The new National Party-led government has introduced legislation that would
permit employers with fewer than 20 employees to dismiss new employees within
90 days of hire without being subject to claims of unfair dismissal. Approximately
one-third of all businesses in New Zealand employ fewer than 20 employees. If
passed, the law would become effective April 1, 2009.
Retirement and Social Security
Employers in New Zealand should review their Kiwisaver policies following the passage
of legislation that reduces mandatory contribution rates, among other changes.

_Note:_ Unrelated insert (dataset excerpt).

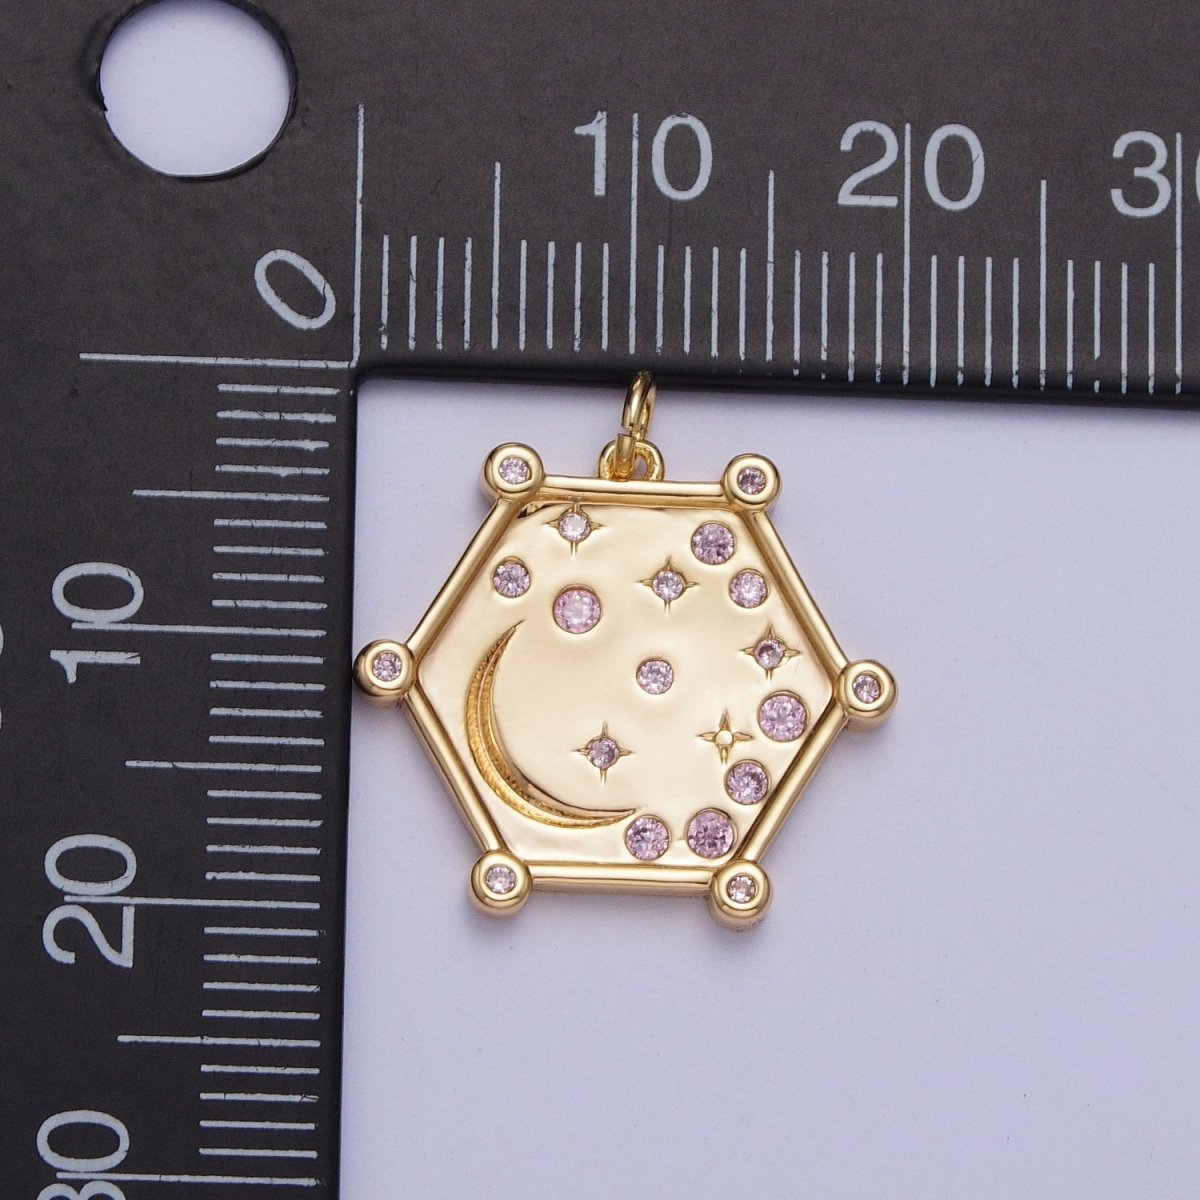 Gold Hexagonal Celestial Moon Cubic Zirconia Charm For Jewelry Making AG-054~AG-056 - DLUXCA

Some provisions of the Taxation (Urgent Measures and Annual Rates) Act are
designed to make Kiwisaver more affordable for employees and employers. Under
the law, the compulsory employer contribution will be capped at 2% (it had been
scheduled to increase 1% annually to reach 4% in 2011). The employer tax credit
for contributions made to employees' Kiwisaver accounts will be discontinued.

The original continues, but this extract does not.